A 3-ph., 4-pole, 60Hz induction motor is supplied by a 660-V source. At a particular loading, the total power consumed is 65KW and the current drawn from supply is 70A (assume star connection). The rotor speed is 1760rpm. The stator iron losses are 1.2KW, the windage and friction losses are 1.8KW, and the resistance of stator winding per phase is 0.13 Ω Calculate:
i) Efficiency
ii) Load torque
To calculate the efficiency and load torque of the given induction motor, we need to find the input power and the output power.
i) Efficiency:
The efficiency of a motor can be calculated using the formula:
Efficiency = (Output Power / Input Power) * 100
Output Power = Total Power consumed - Stator Iron Losses - Windage and Friction Losses
Input Power = Total Power consumed (given)

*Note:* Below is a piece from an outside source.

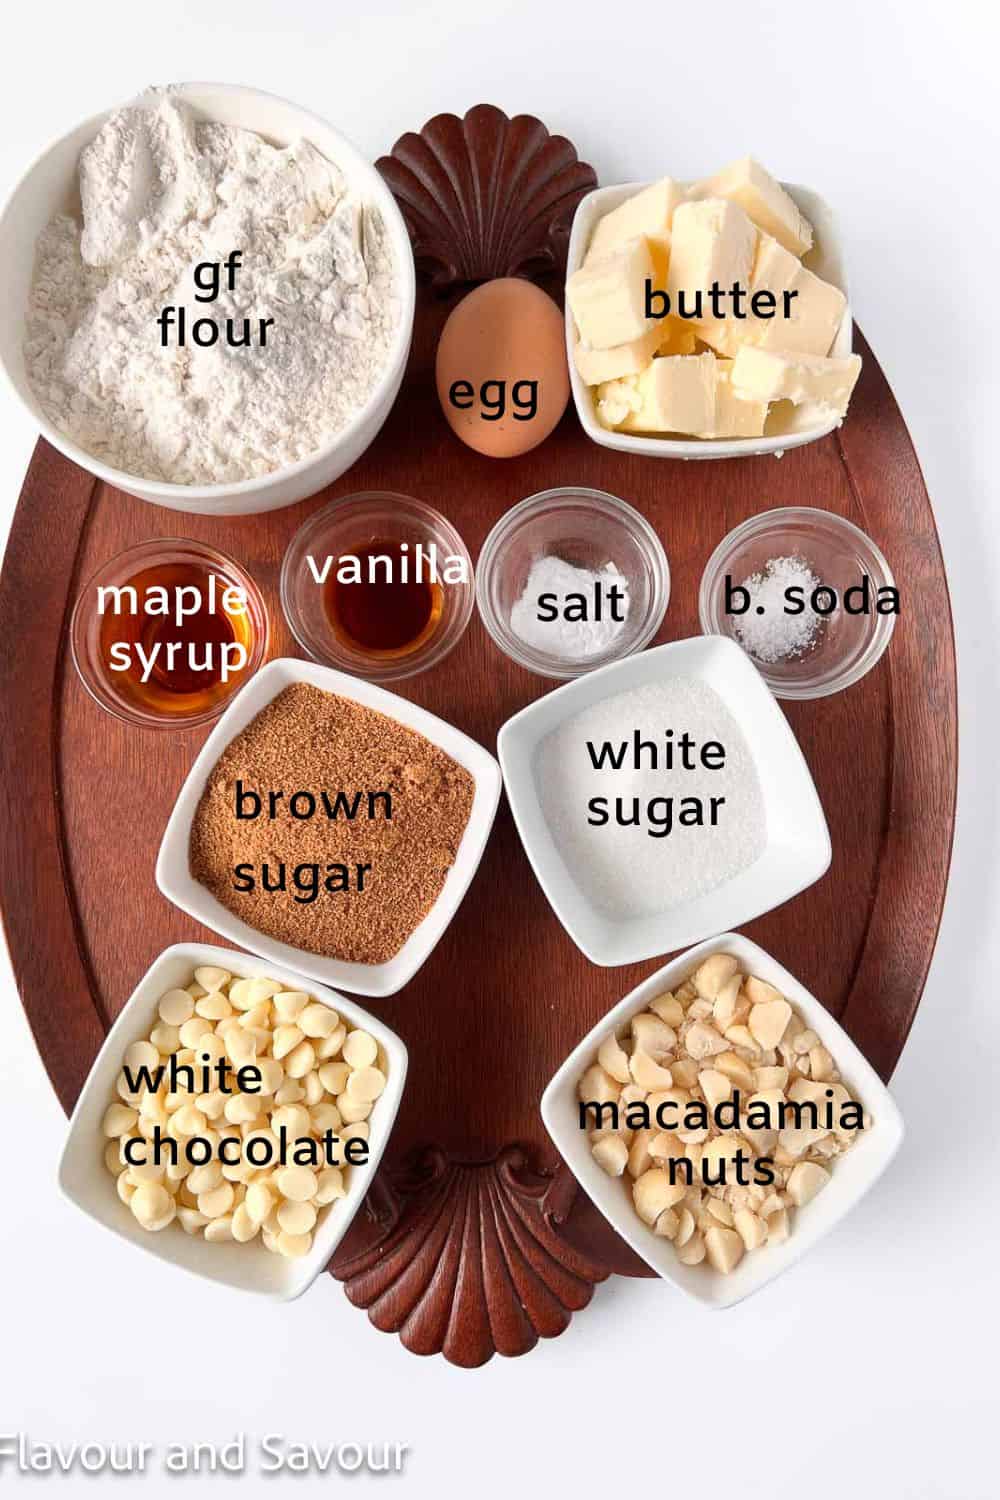 Ingredients for white chocolate macadamia nut cookies: gf flour, egg, butter, brown sugar, white sugar, maple syrup, vanilla, salt, baking soda, white chocolate and macadamia nuts.

Output Power = 65KW - 1.2KW - 1.8KW = 62 KW
Now, we can calculate the efficiency:
Efficiency = (62KW / 65KW) * 100 = 95.38%
Therefore, the efficiency of the motor is approximately 95.38%.
ii) Load Torque:
The load torque can be calculated using the formula:
Load Torque = (Output Power * 60) / (2 * π * Rotor Speed)
Where,
Output Power = 62 KW (calculated above)
Rotor Speed = 1760 RPM
We need to convert the rotor speed from RPM to rad/s:
Rotor Speed (in rad/s) = (Rotor Speed in RPM * 2 * π) / 60
Rotor Speed (in rad/s) = (1760 * 2 * 3.14) / 60 = 184.89 rad/s
Now we can calculate the load torque:
Load Torque = (62KW * 60) / (2 * 3.14 * 184.89) = 3.32 Nm
Therefore, the load torque of the motor is approximately 3.32 Nm.